Bolstered by the delegates' vote of confidence as they chose him to lead the party, succeeding Franz Müntefering, he promised to lead the SPD back to power. But first, the party went into opposition for four years.
During this time Gabriel pushed through internal party reforms. He abolished the party steering committee in favor of an expanded executive committee and led the regular party conventions, the most important meetings for the party. He threw his weight around, particularly in the aftermath of the general election in September, when he spoke in favor of coalition negotiations with the conservatives. But Gabriel said he would leave the final decision to party members on whether to enter into a Merkel government.
Back at the top
The SPD chief was confirmed in his post shortly after the September 2013 election. But this time the result was underwhelming.

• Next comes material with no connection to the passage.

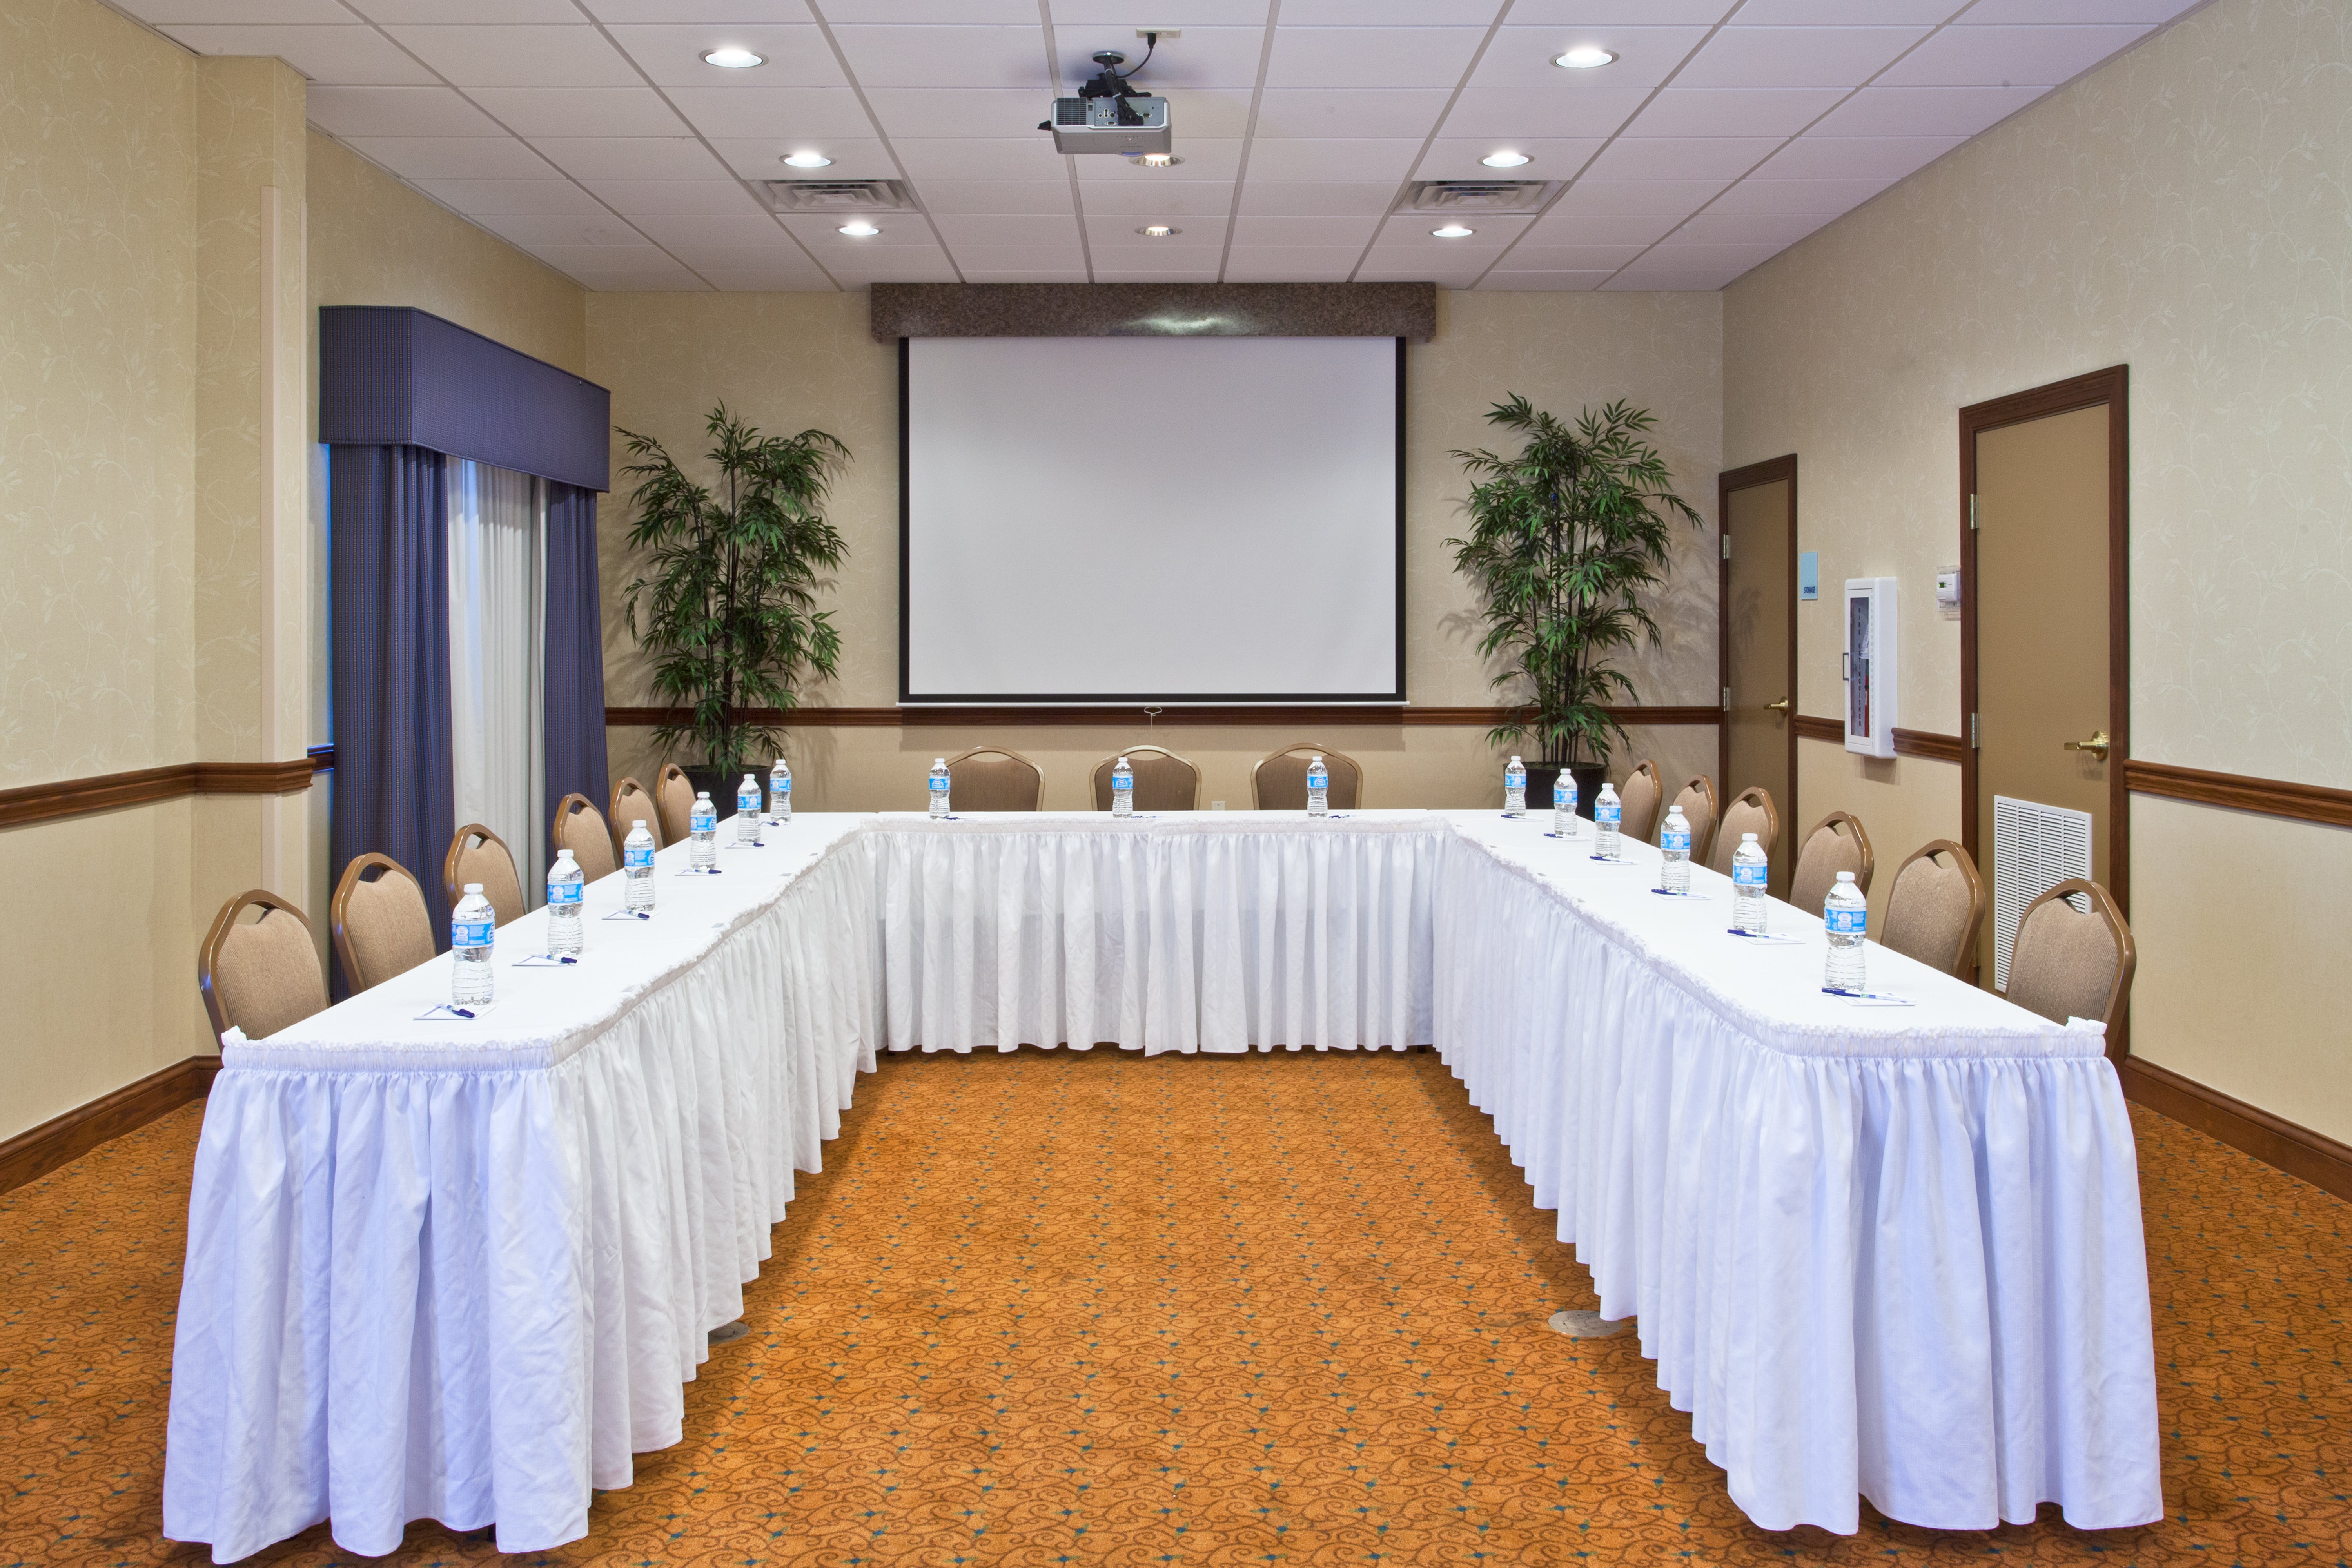 Our central location near Exit 33 off I-4 is perfect for Meetings!
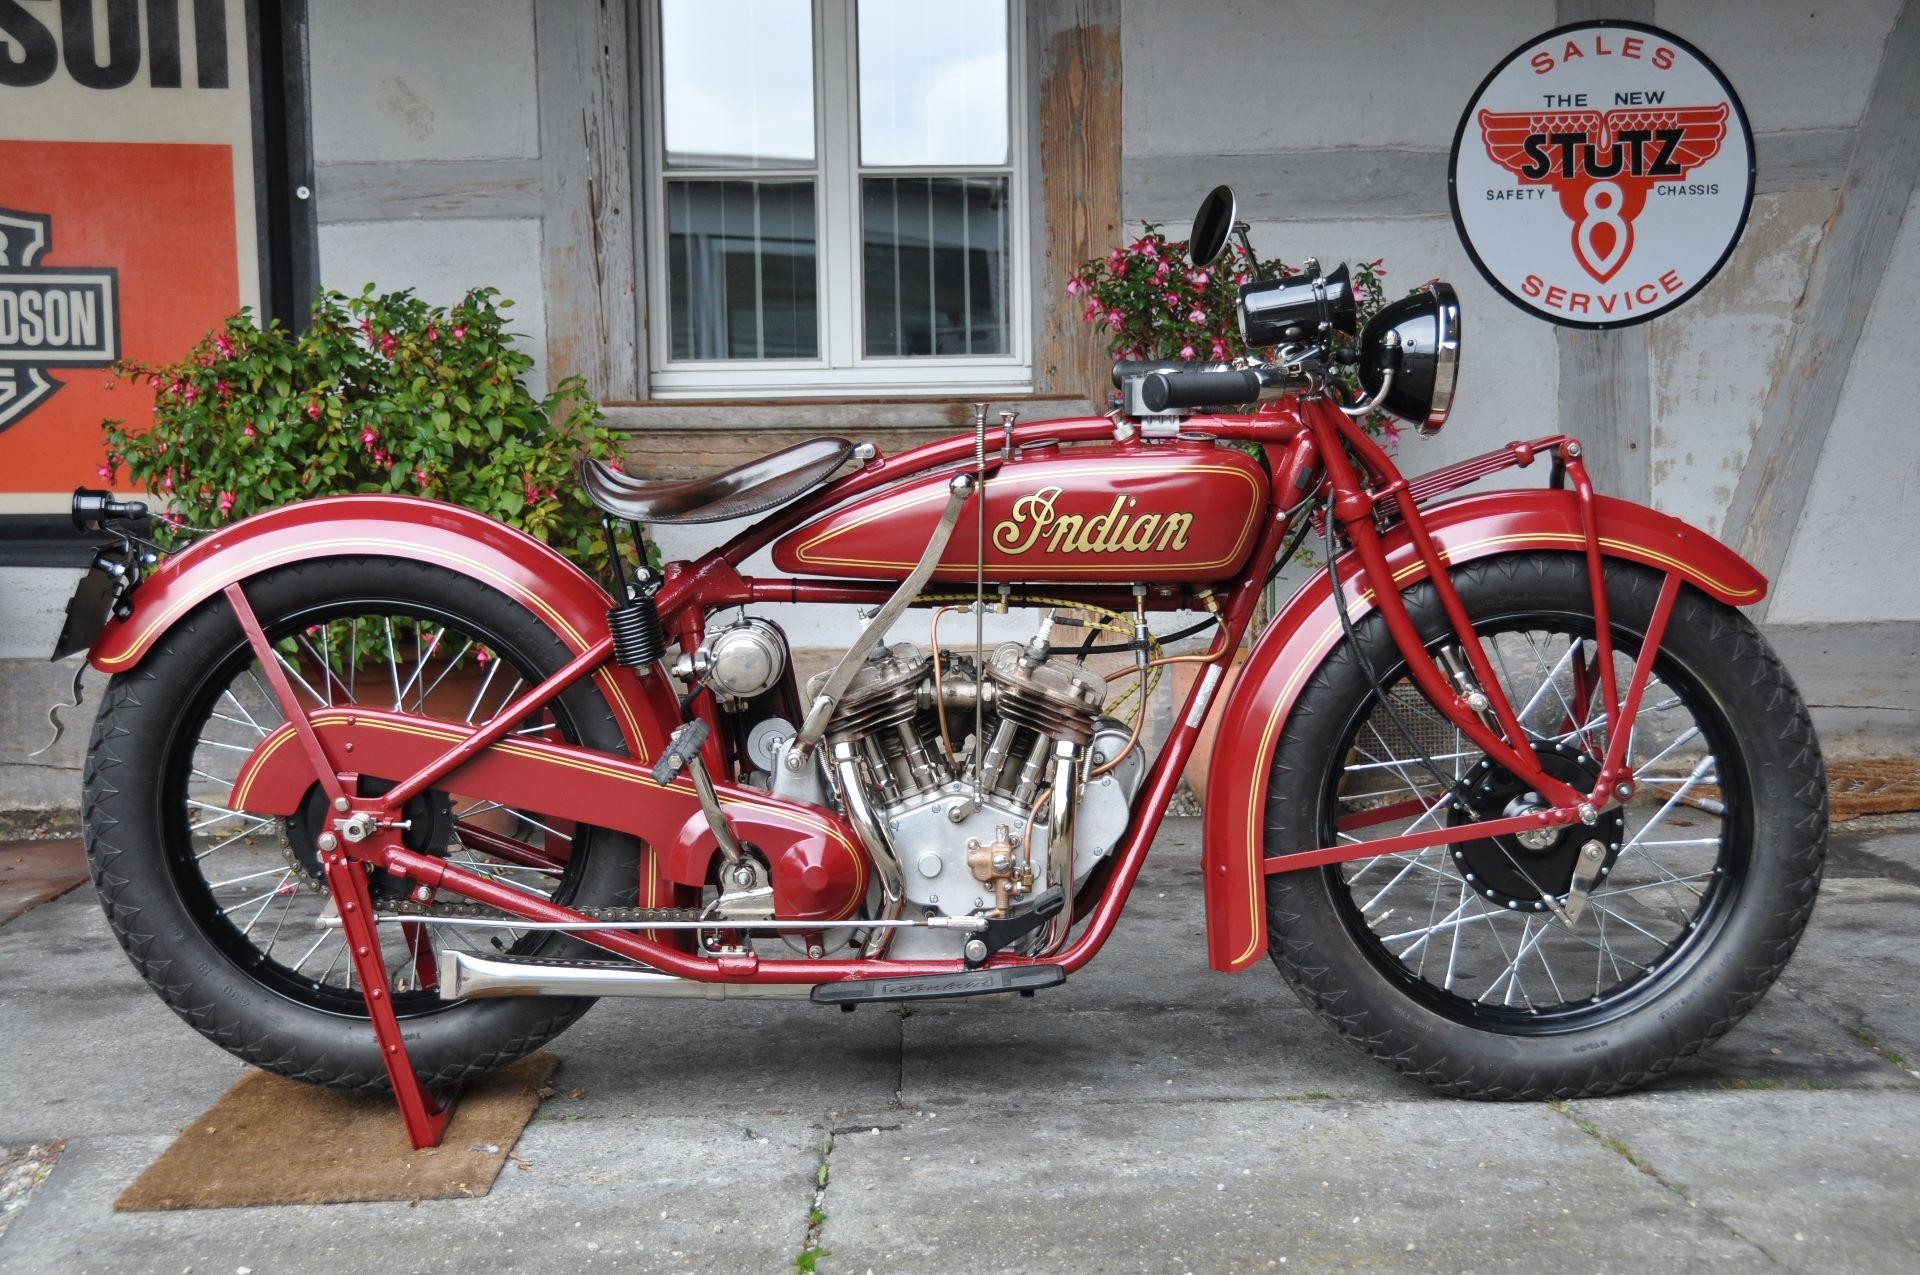 33 best images about 1920s motorcycle on Pinterest

Only 83.6 percent of the approximately 600 delegates voted for him, eight percentage points less than in his previous re-election in 2011. Gabriel thanked them for the "honest result."
It had followed a sober and rigorous assessment of the situation he had presented to the party congress. Looking at the election results, there was nothing to gloss over, he said: "I bear overall political responsibility for our election result."
The SPD had suffered from a lack of credibility, Gabriel said. For people in Germany, the stable economic situation was more important than the social democratic ideal of justice. The SPD therefore needed a stronger economic profile, he said - but simply having a candidate for chancellor who embodied this would not be enough to win elections.
Indeed, the September 2013 election was the SPD's second-worst result ever. Only 25.7 percent of voters gave the party their vote. Critics said Gabriel had hurt the chances of chancellor candidate Peer Steinbrück chances through unfortunate remarks and uncoordinated proposals.
For example, in the middle of the election campaign, he talked about introducing a general speed limit on German autobahns, but quickly beat a sheepish retreat when the foreseeable protests erupted. He had even spread doubt about Steinbrück's suitability, threatening to turn his candidacy into a fiasco.
Such dissonance was not to be heard at the recent party congress in Leipzig. Gabriel said his friendship with Steinbrück hadn't been hurt by the election campaign. Addressing the failed candidate for chancellor, he added, "You're simply a great guy."
This conciliatory tone won Gabriel public sympathy. Despite his abrasive manner, he had risen to the ranks of the most popular politicians, even though journalists often found him impatient and irritable. In a TV interview a few weeks ago he responded testily to questions about the SPD's membership ballot, accusing host Marietta Slomka of spreading "nonsense." He got support from an unexpected source: CSU leader Horst Seehofer lodged a complaint about the manner in which Slomka questioned the constitutionality of the vote.
Vice chancellor or parliamentary party leader?
By seeking SPD members' approval for the coalition agreement, Gabriel has placed his party in a dilemma. A government coalition with the conservatives is extremely unpopular among them. The memory of the last grand coalition, between 2005 and 2009, is still fresh in their minds - as is the plunge in voter support for the SPD it brought. The vote is also a gamble for Gabriel himself. A 'No' could end his career.
It is still unclear what role he could play himself in a grand coalition. The two most important positions beside the chancellorship - the foreign and finance ministers - appear to have been filled already. One possibility is a new ministry in charge of the economy and energy. In this position, Gabriel would be vice chancellor at Merkel's side.
But he could also forgo a cabinet post and instead assume the parliamentary party leadership. This would have the benefit that he would not be as enfettered by cabinet discipline and would therefore be free to lead the next election campaign. He could then go for the big prize: the office of chancellor.